An excerpt from “Imagining a Cinematic World without Rape”

                         

The problem with cinematic gendering is that when it comes in the form of fantasized characters made for the purpose of entertainment, then the foundations are conventions, not innovations. Audiences can connect to the mother figure, but they are not supposed to admire the femme fatale: what happens if they do? Is it because the filmmaker made some sort of mistake in editing this character? Would a mistake like this be worse if it made her sympathetic or if she tapped into some part of us that we admired but had to keep secret?

Women and men are divided into categories of “male and “femaleness”  in film plots to support movies made by men and male characters, but also the general structure of social convention (wherever they may be). This holds women back on and off screen as well as behind the scenes. It affects the ways that we see and the ways we judge women who make films.

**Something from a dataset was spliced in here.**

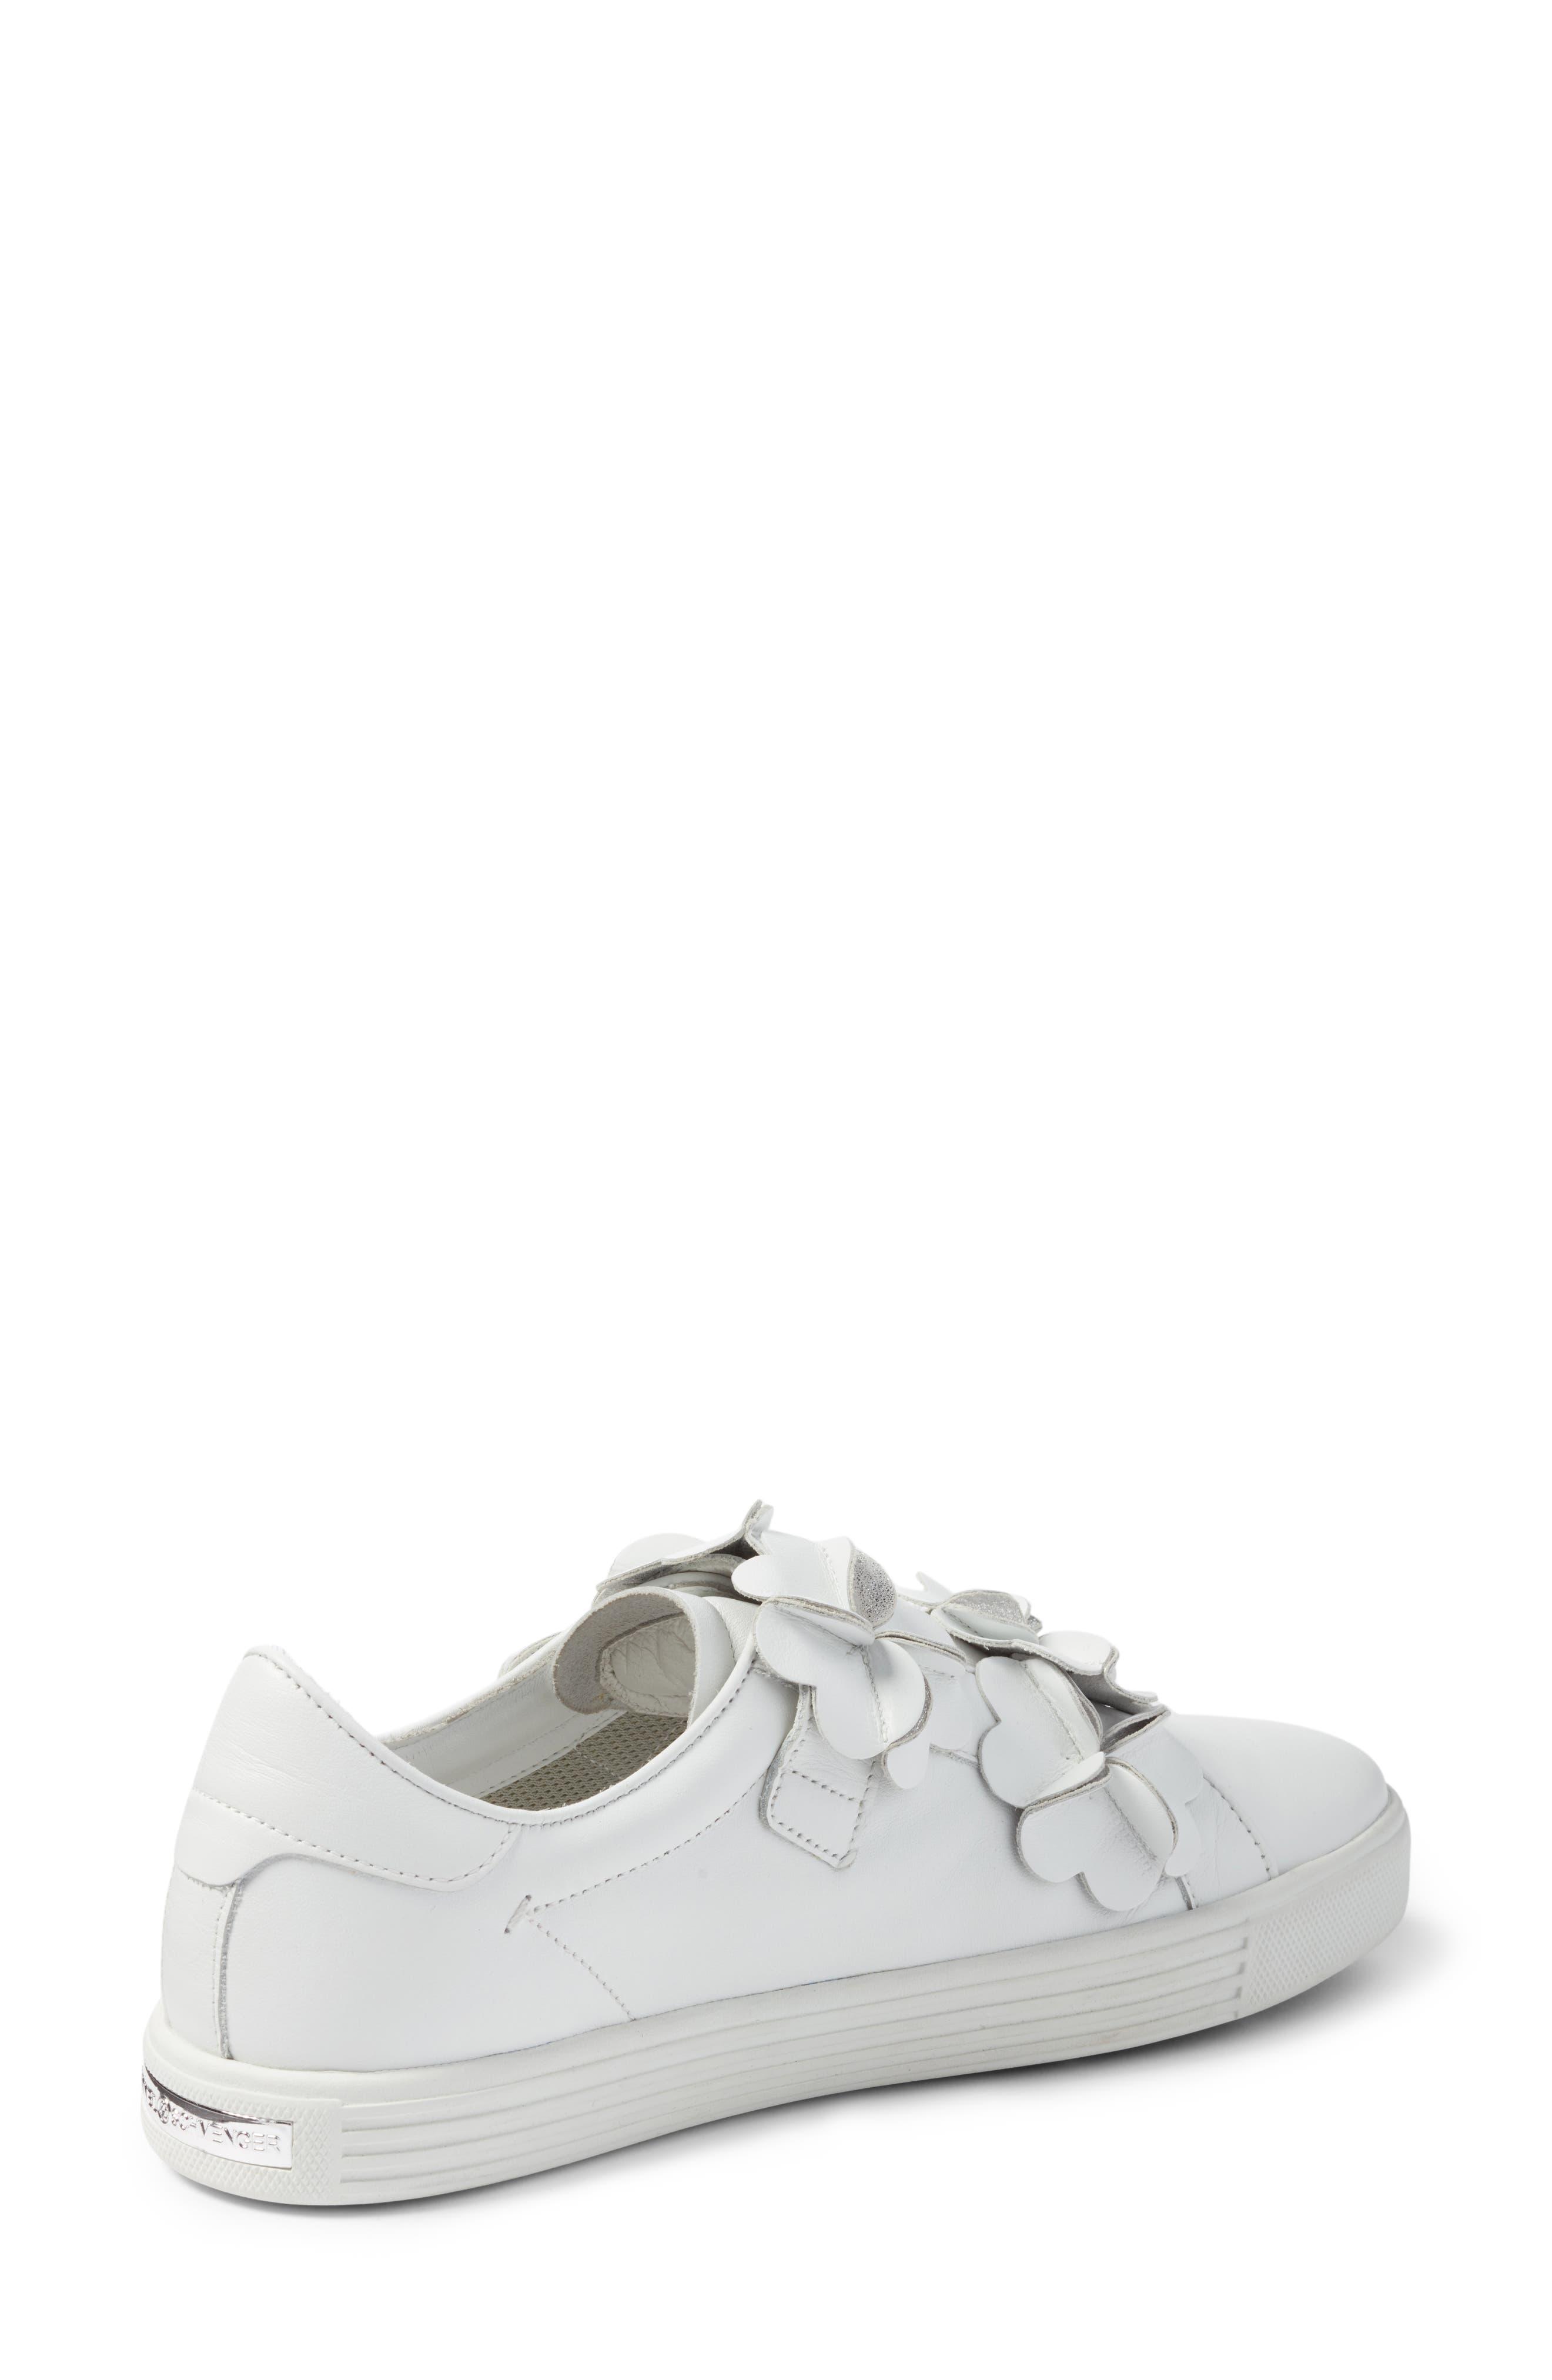 Kennel & Schmenger Town Floral Embellished Sneaker,                             Alternate thumbnail 2, color,                             White/ Silver

Film is even more gendered behind the scenes. The project of imagining a cinematic world without rape began with confusion about why women do not make as many films as men. My hypothesis was that the concepts of sexual violence and the lacking female presence, specifically in the areas of producing and directing films, must be connected. I considered that there might be a key piece of information on this topic that would illuminate/improve the status of women as victims on screen. After surveying the plots, characters, and creators of over 1,000 American films from the past decade, I accepted that my hypothesis was and is strikingly accurate.

The rundown: Men make more movies. Men make movies about men. And when men make movies about women, they make them, overwhelmingly, about the hardships of women or – on the other hand – about the hardships of women in comedic form (i.e. romantic comedies).  After all, it’s funny to be female, isn’t it?